[[ COLLECTED MATERIAL open ]]

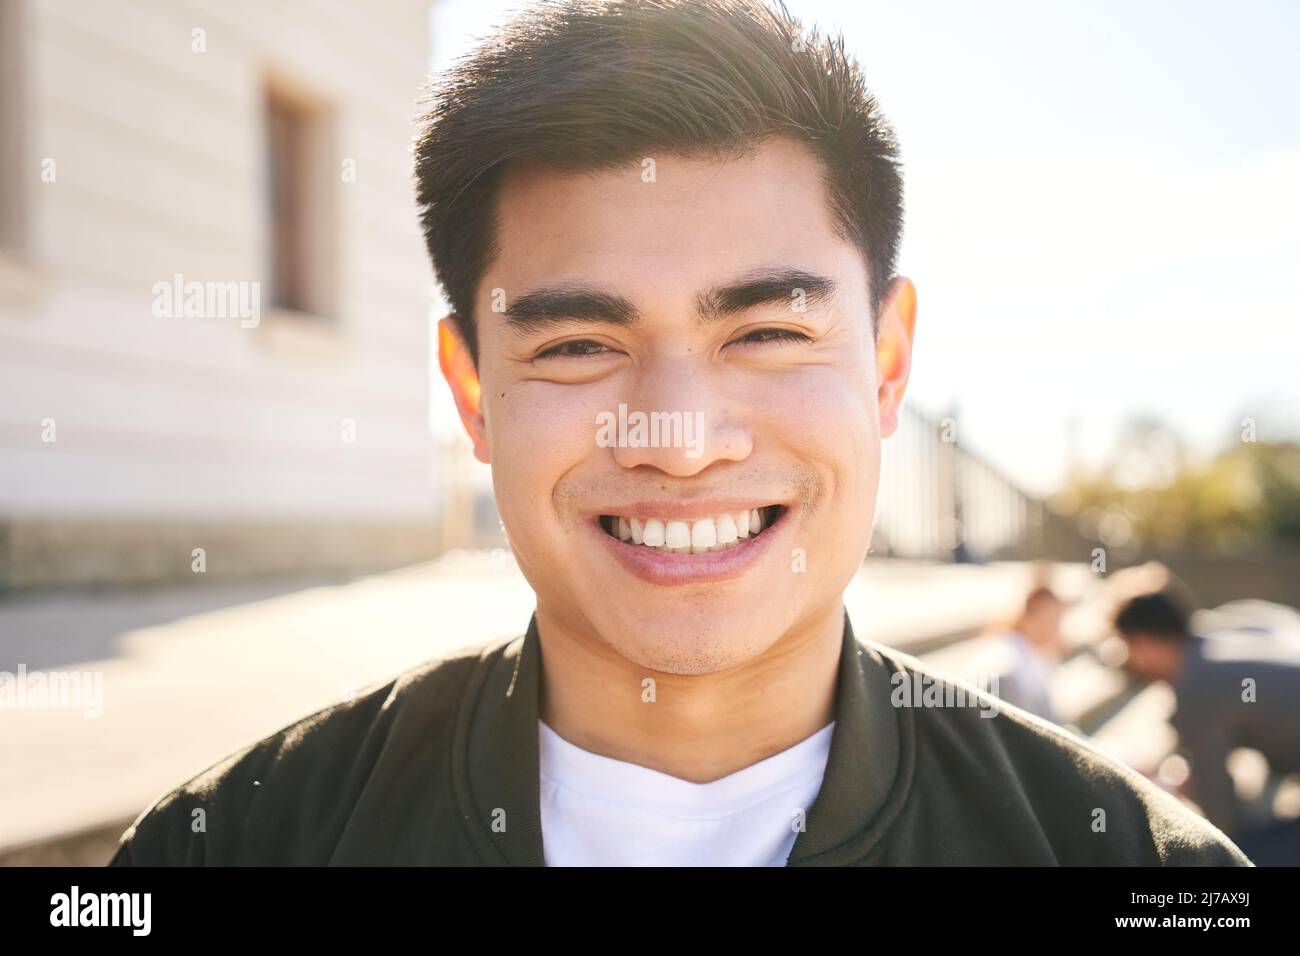 Außenportrait eines lächelnden Chinesen, der die Kamera anschaut und mit positivem Gesicht und freundlichem Aussehen lacht. Nahaufnahme eines glücklichen menschlichen Gesichts - Stockfoto
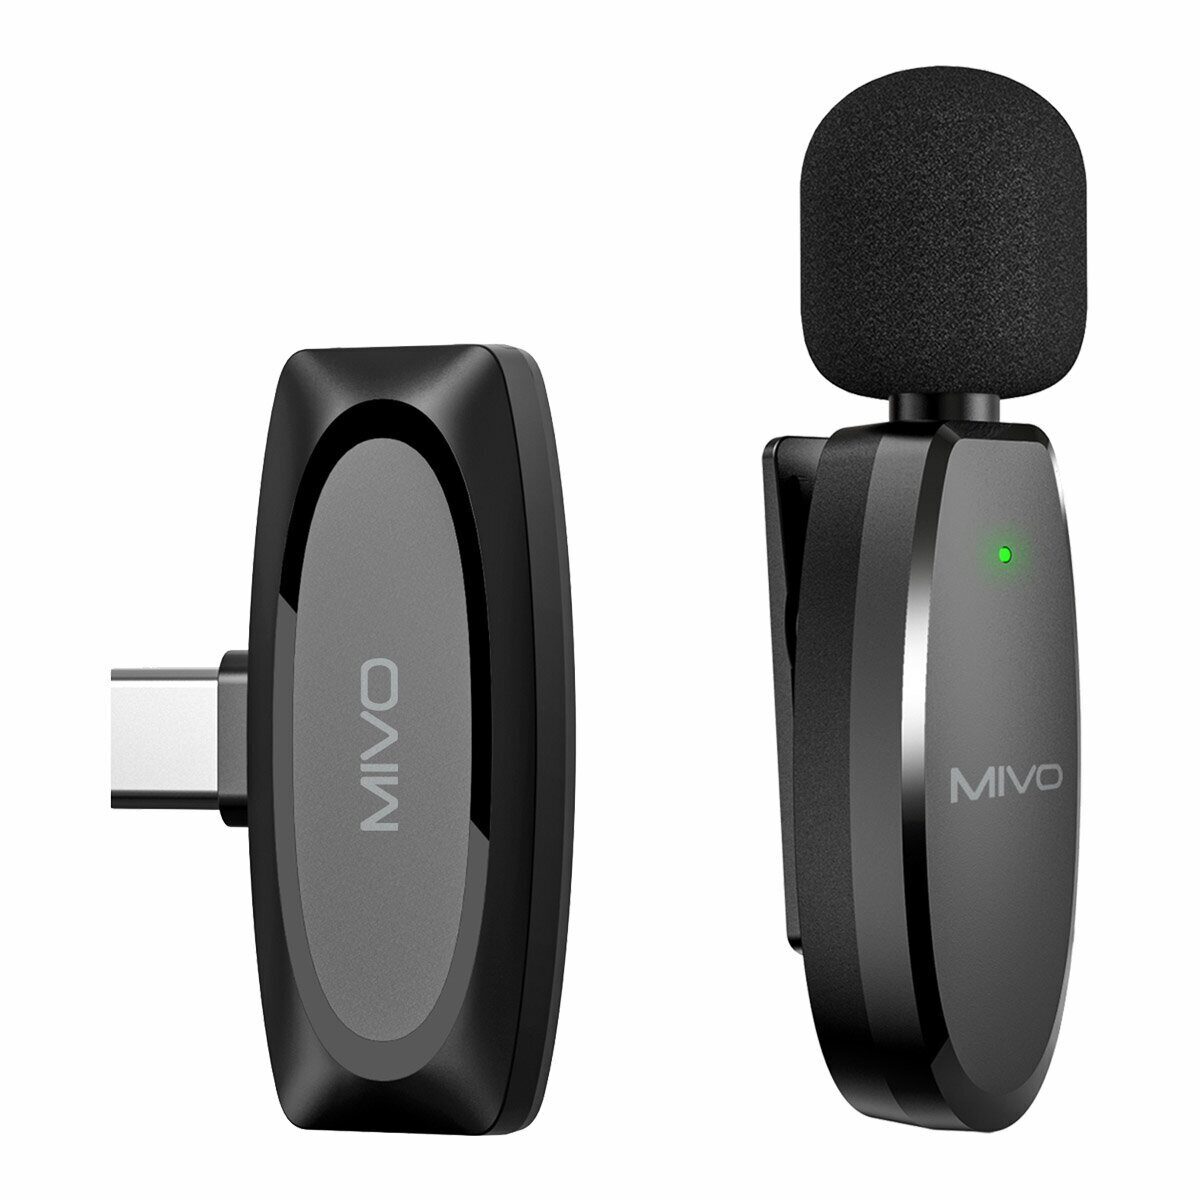 Беспроводной Bluetooth петличный микрофон Mivo MK-610T (Type-C) микрофон беспроводной mobility mmi 13
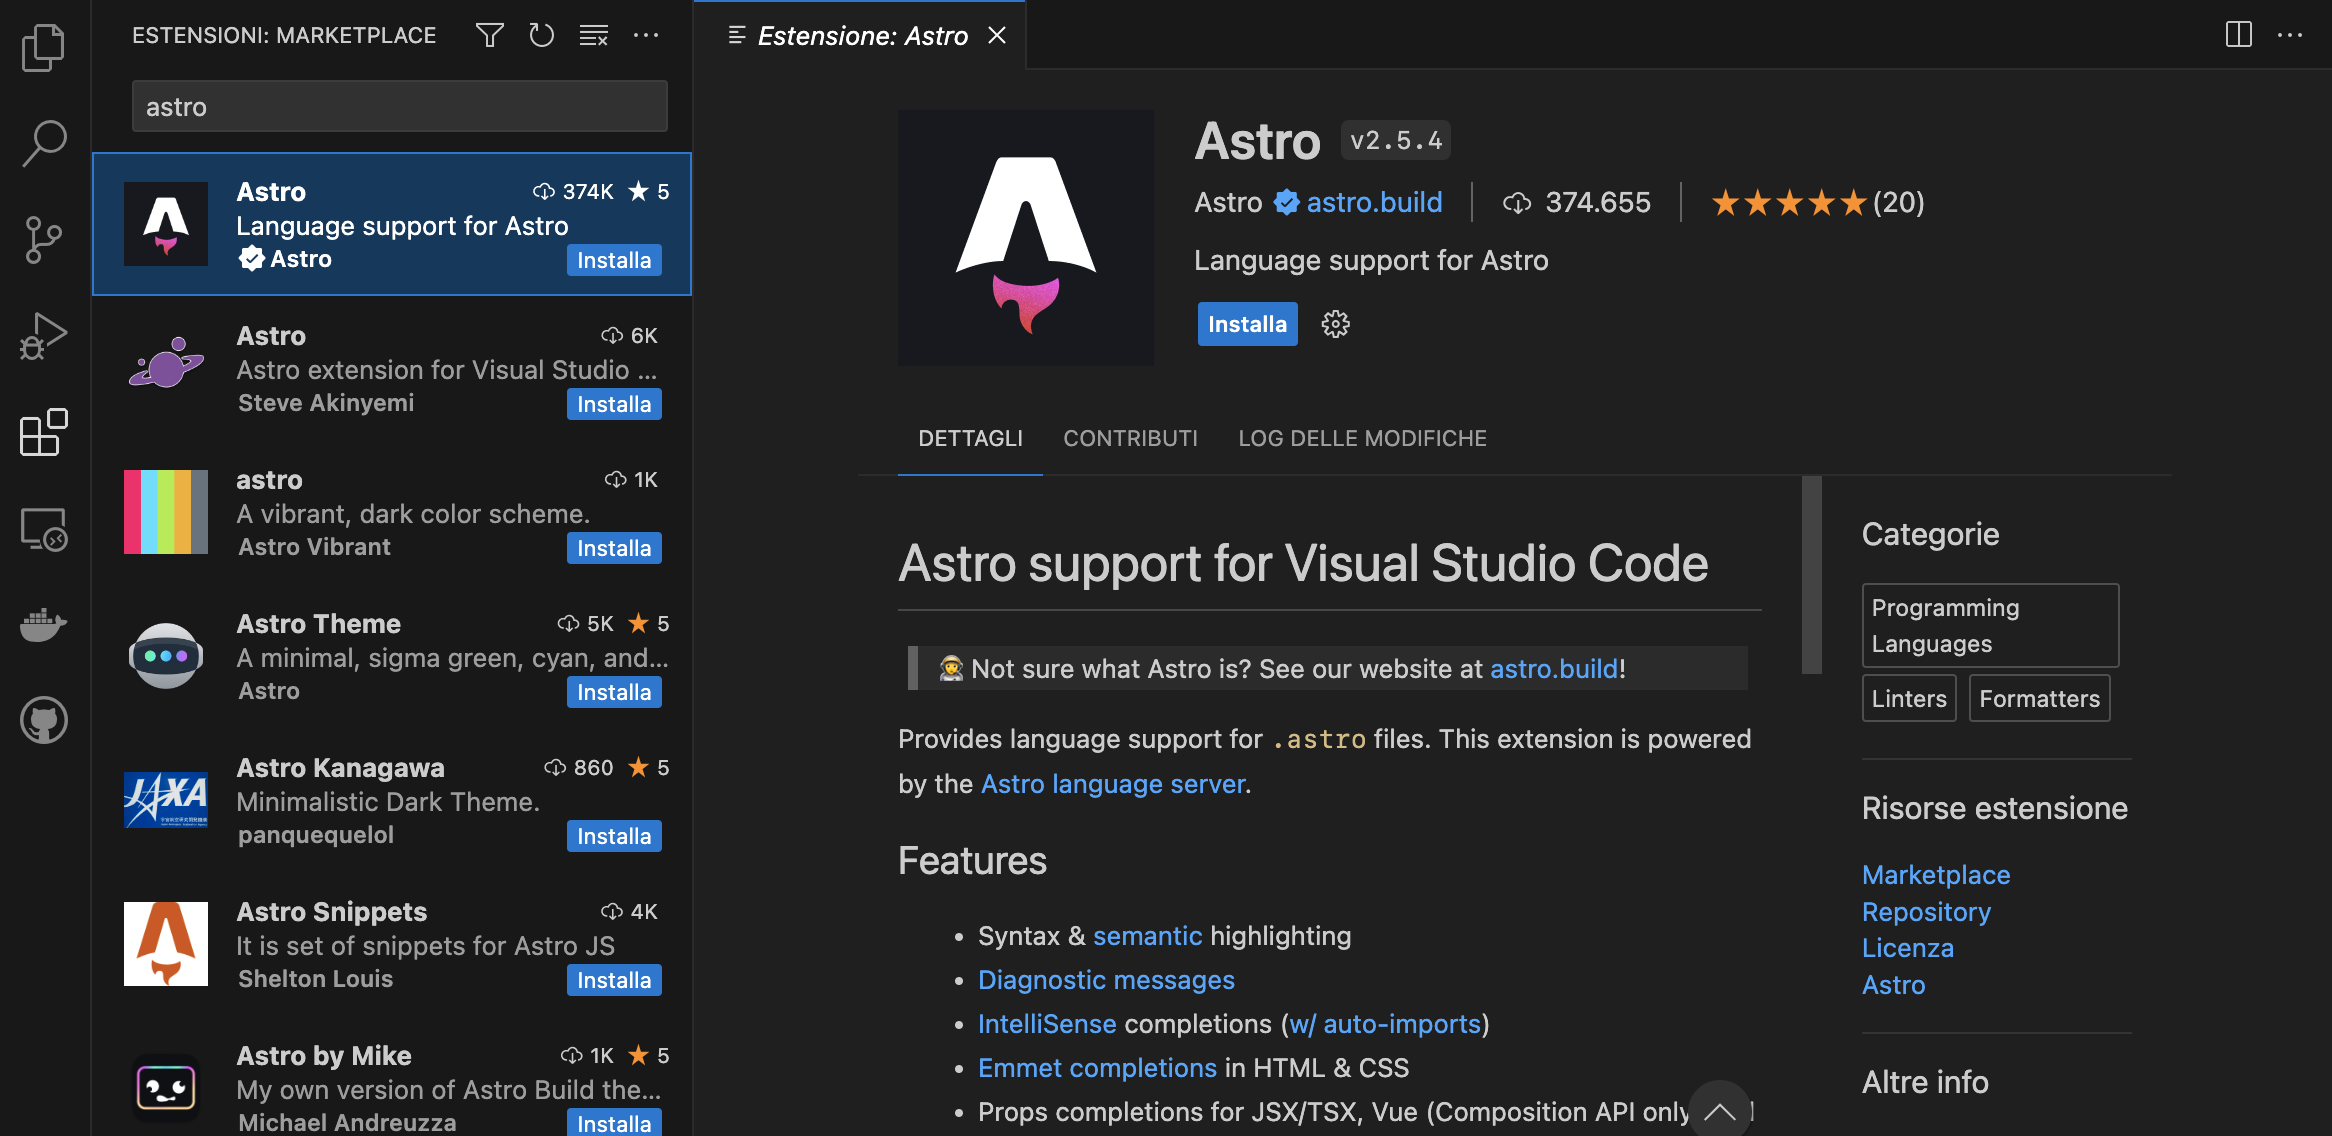 L'estensione Astro per Visual Studio Code

[[ COLLECTED MATERIAL closed ]]

Retype the whole listing exactly and leave the pictures out.

 Außenportrait eines lächelnden Chinesen, der die Kamera anschaut und mit positivem Gesicht und freundlichem Aussehen lacht. Nahaufnahme eines glücklichen menschlichen Gesichts - Stockfoto
 Беспроводной Bluetooth петличный микрофон Mivo MK-610T (Type-C) микрофон беспроводной mobility mmi 13
 L'estensione Astro per Visual Studio Code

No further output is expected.